I had the strangest dream the other night. I was cruising Broadway Avenue in Saskatoon (The Paris of the Prairie!) with a dead moose tied to the hood of my pickup truck. The dead moose was Rod Stewart. Pedestrians kept pointing and asking, “Is that dead moose Rod Stewart?”And I would answer, “Sure is. Went hooves up around the time he released Foot Loose & Fancy Free.

I know there’s a lot wrong with this scenario. For starters, Rod Stewart is not a moose. And he hails from England, not the wilds of Canada. Furthermore, he has a rooster comb haircut, while your average moose prefers antlers. And while moose are majestic creatures of good taste, most of them don’t listen to Rod Stewart. They would sooner graze and rut and clash antlers and do other fun moose stuff. And moose don’t go around asking other moose, “Do ya think I’m sexy?” Moose know they’re not sexy. Same deal with hot legs. The females of the moose species do not have hot legs. Nor do they wear jet black suspender belts.

But here’s the rub–something went terribly awry between 1971, when Stewart released the classic Every Picture Tells a Story, and 1977, when Foot Loose & Fancy Free hit the record shelves. What had become of the Rod Stewart who’d roamed the white birch forests of Saskatchewan Province, singing his mighty moose heart out? He’d become a hack. Sold his antlers for filthy lucre. It was a snorting shame.
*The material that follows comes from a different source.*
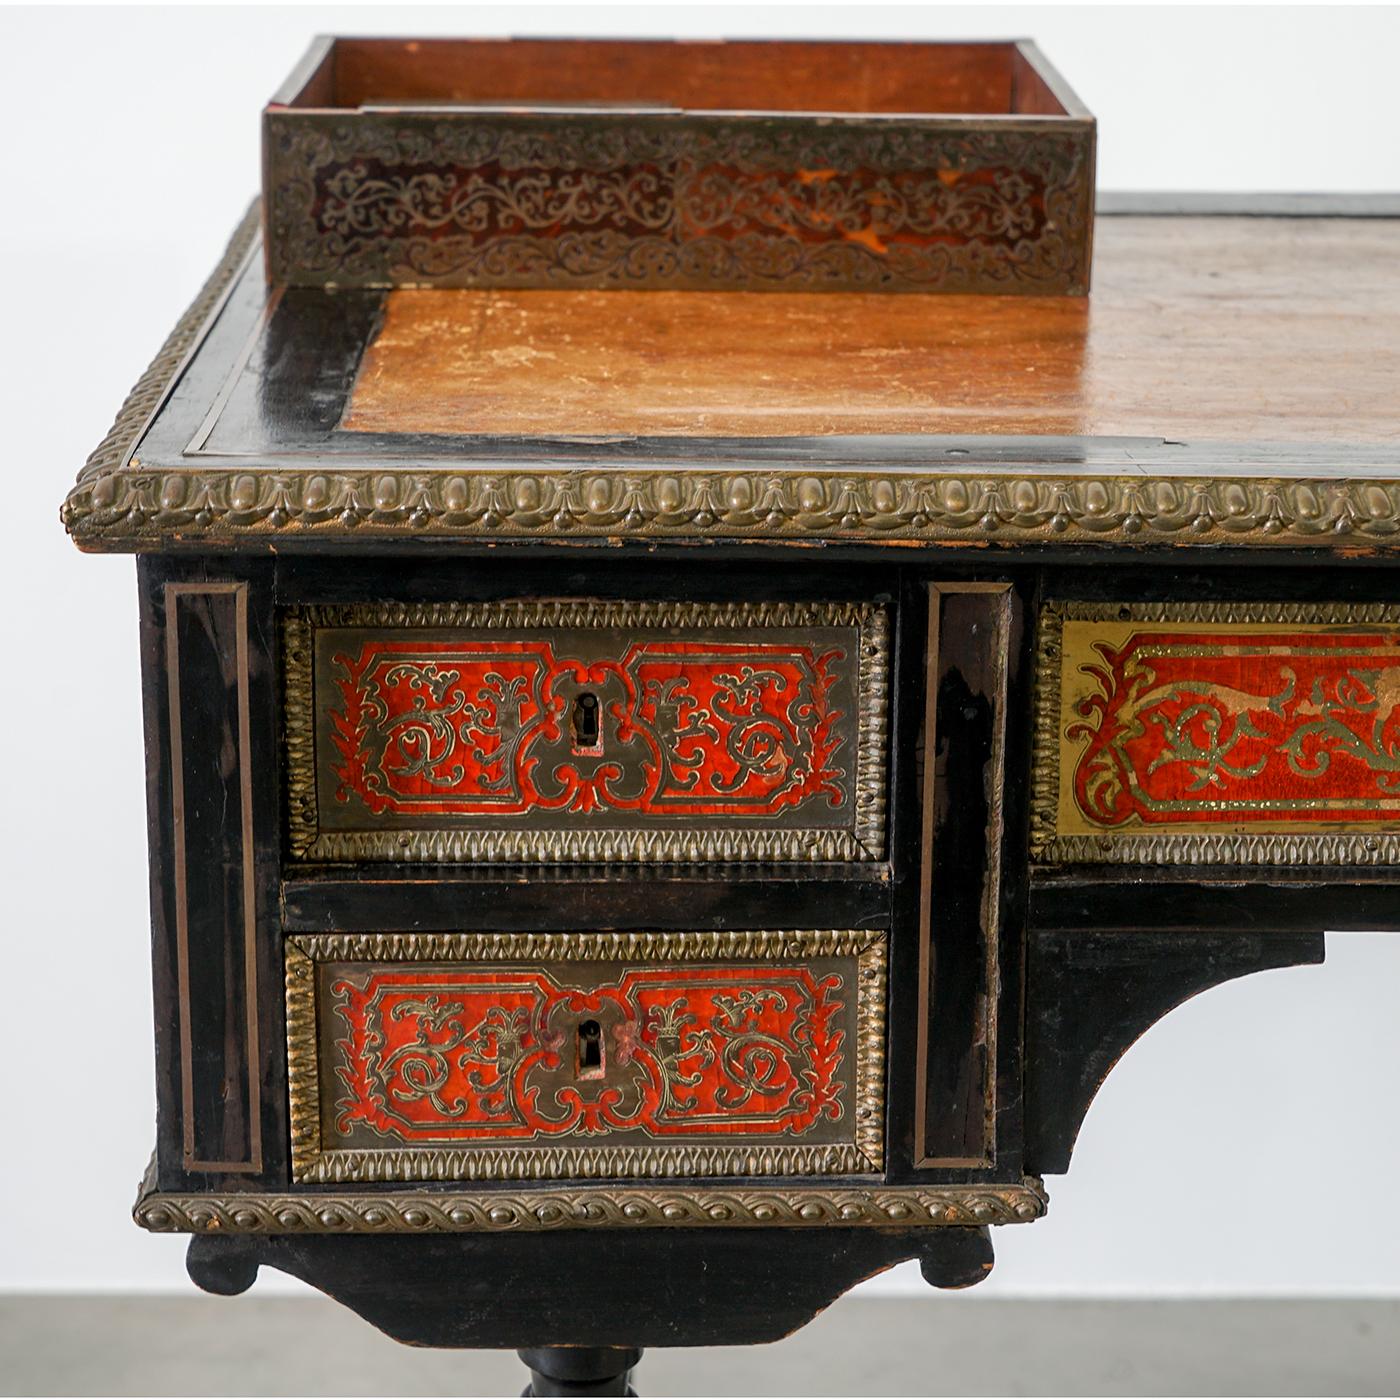 This beautiful second generation desk in Boulle marquetry was produced in France in the 19th century. This unique piece is handmade from ebonized wood, each side with two side drawers and a wider drawer in the middle. The drawers are not in their

1977’s Foot Loose (or should that be Hoof Loose?) and Fancy Free, a collection of insipid ballads and hand-me-down remakes with only two rock tracks to cut the treacle, squandered the good will of all but those moose who’d embraced punk, outraging their elders with their Mohawks, safety pins, and nasty habit of pissing anarchy symbols on every second tree in the boreal forest.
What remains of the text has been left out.